Evasion of myofibroblasts from immune surveillance: a mechanism for tissue fibrosis.

Tissue fibrosis evolving from impaired tissue remodeling after injury is characterized by myofibroblast accumulation. We propose that during the development of fibrosis myofibroblasts acquire an immune-privileged cell phenotype, allowing their uninterrupted accumulation. Using the murine model of bleomycin-induced lung fibrosis in mice, we show that myofibroblasts that accumulate in lungs with fibrosis, but not in normal lungs, kill Fas(+) lymphocytes, resist Fas-induced apoptosis, and survive longer when grafted into allogeneic mice. In contrast, bleomycin-treated FasLigand (FasL)-deficient (gld) chimeric mice did not accumulate myofibroblasts or collagen in their lungs, and their FasL(-) myofibroblasts did not survive after alloengraftment. This finding indicates that myofibroblasts possess Fas/FasL-pathway-dependent characteristics that allow them to escape from immune surveillance and resulting organ fibrosis.

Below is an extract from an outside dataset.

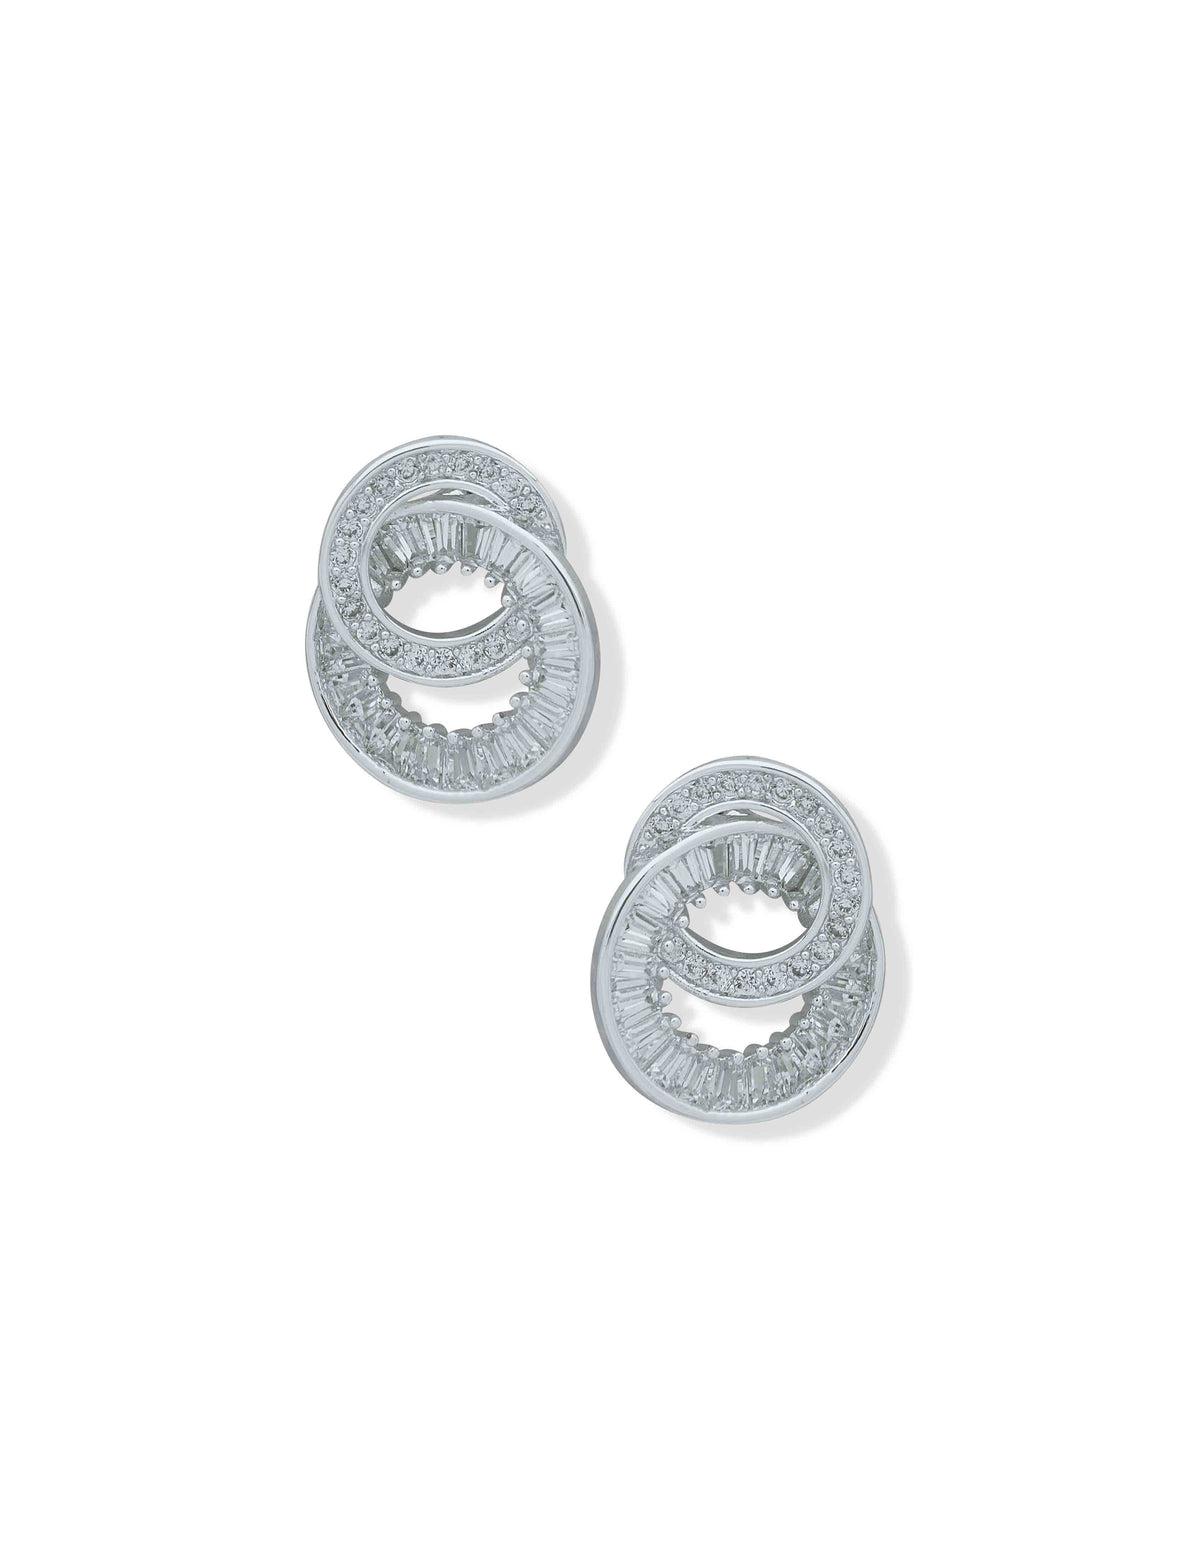 Anne Klein Silver Tone CZ Open Button Earrings

Epithelial cell apoptosis by fas ligand-positive myofibroblasts in lung fibrosis.

The Fas/Fas ligand (FasL) apoptotic pathway has been shown to be involved in bleomycin-induced lung fibrosis. We examined the hypothesis that myofibroblasts from fibrotic lungs possess a cytotoxic phenotype that causes apoptosis of epithelial cells via the Fas/FasL pathway. We show in vivo epithelial cell apoptosis and associated upregulation of Fas and apoptotic Fas pathway genes in epithelial cells of lungs with bleomycin-induced fibrosis. In addition, we show that FasL surface molecules are overexpressed on alpha-SMA-positive cells in mice with bleomycin-induced fibrosis, and in humans with idiopathic pulmonary fibrosis. This enables the molecules to kill Fas-positive epithelial cells. In contrast, FasL-deficient myofibroblasts lose this myofibroblast cytotoxic phenotype, both in vivo and in vitro. In vivo, there was no bleomycin-induced epithelial cell apoptosis, as assessed by specific M30 staining in chimeric FasL-deficient mice that lacked FasL-positive myofibroblasts. In vitro, FasL-positive, but not FasL-negative myofibroblasts, induce mouse lung epithelial cell apoptosis. Thus myofibroblast cytotoxicity may underlie the absence of re-epithelialization, resulting in persistent lung fibrosis.

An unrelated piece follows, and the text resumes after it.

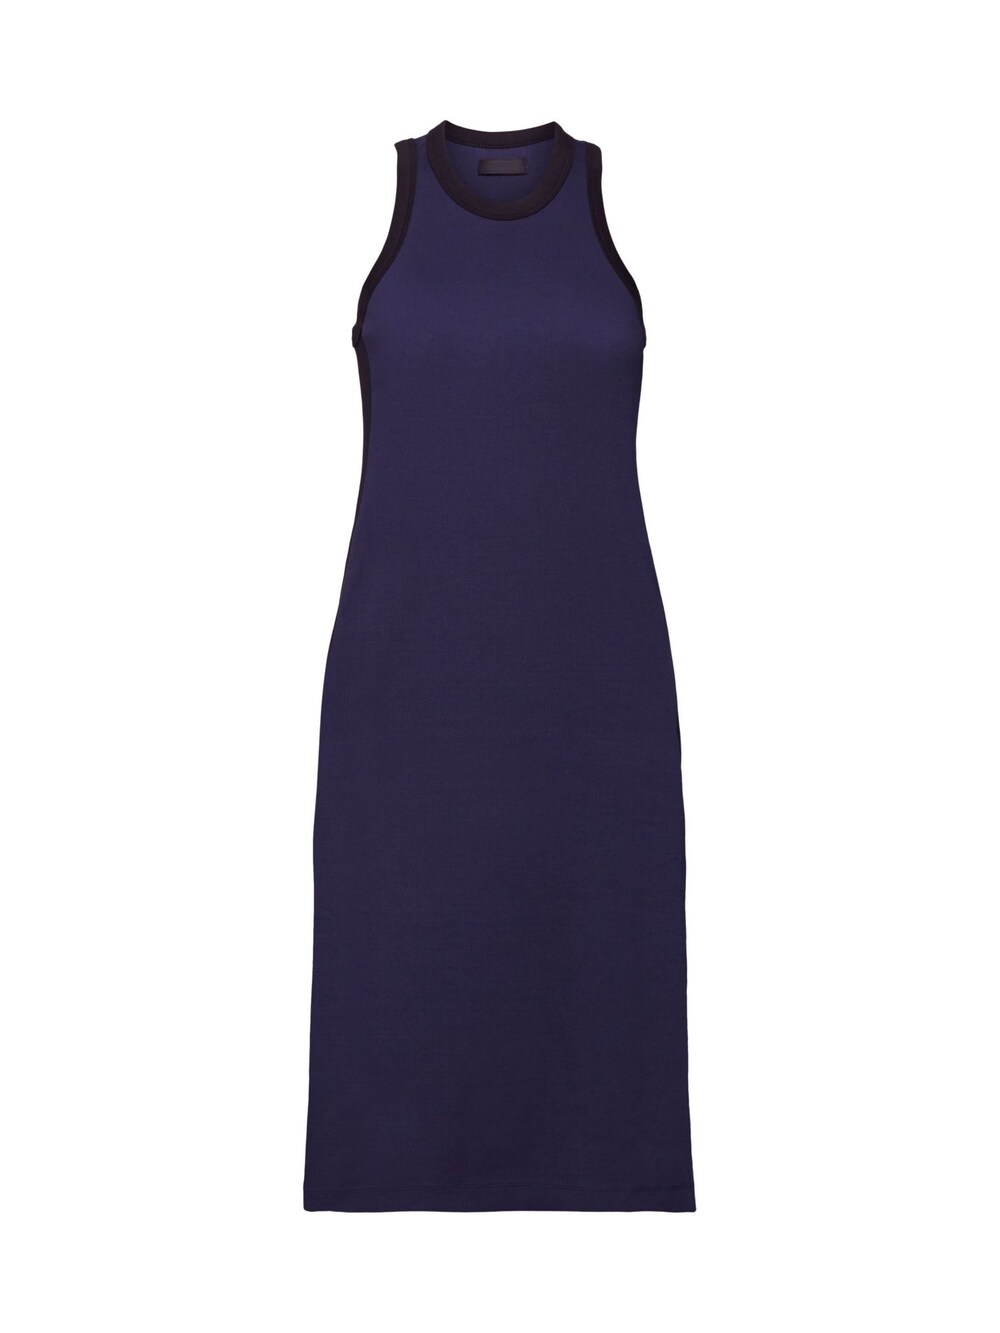 Вязанное платье Esprit, темно-синий вязанное платье esprit бензин

Bleomycin initiates apoptosis of lung epithelial cells by ROS but not by Fas/FasL pathway.

Epithelial cells are considered to be a main target of bleomycin-induced lung injury, which leads to fibrosis in vivo. We studied the characteristics of in vitro bleomycin-induced apoptosis in a mouse lung epithelial (MLE) cell line. Bleomycin caused an increase of reactive oxygen species (ROS) resulting in oxidative stress, mitochondrial leakage, and apoptosis. These were associated with elevated caspase-8 and resultant caspase-9 activity and with upregulation of Fas expression. Glutathione and inhibitors of caspase-8 or caspase-9, but not of FasL, inhibited these effects, suggesting their dependence on ROS, caspase-8 and -9, in a Fas/FasL-independent pathway. However, postbleomycin-exposed MLE cells were more sensitive to Fas-mediated apoptosis. These results demonstrate that the initial bleomycin-induced oxidative stress causes a direct apoptotic effect in lung epithelial cells involving a regulatory role of caspase-8 on caspase-9. Fas represents an amplification mechanism, and not a direct trigger of bleomycin-induced epithelial cell apoptosis.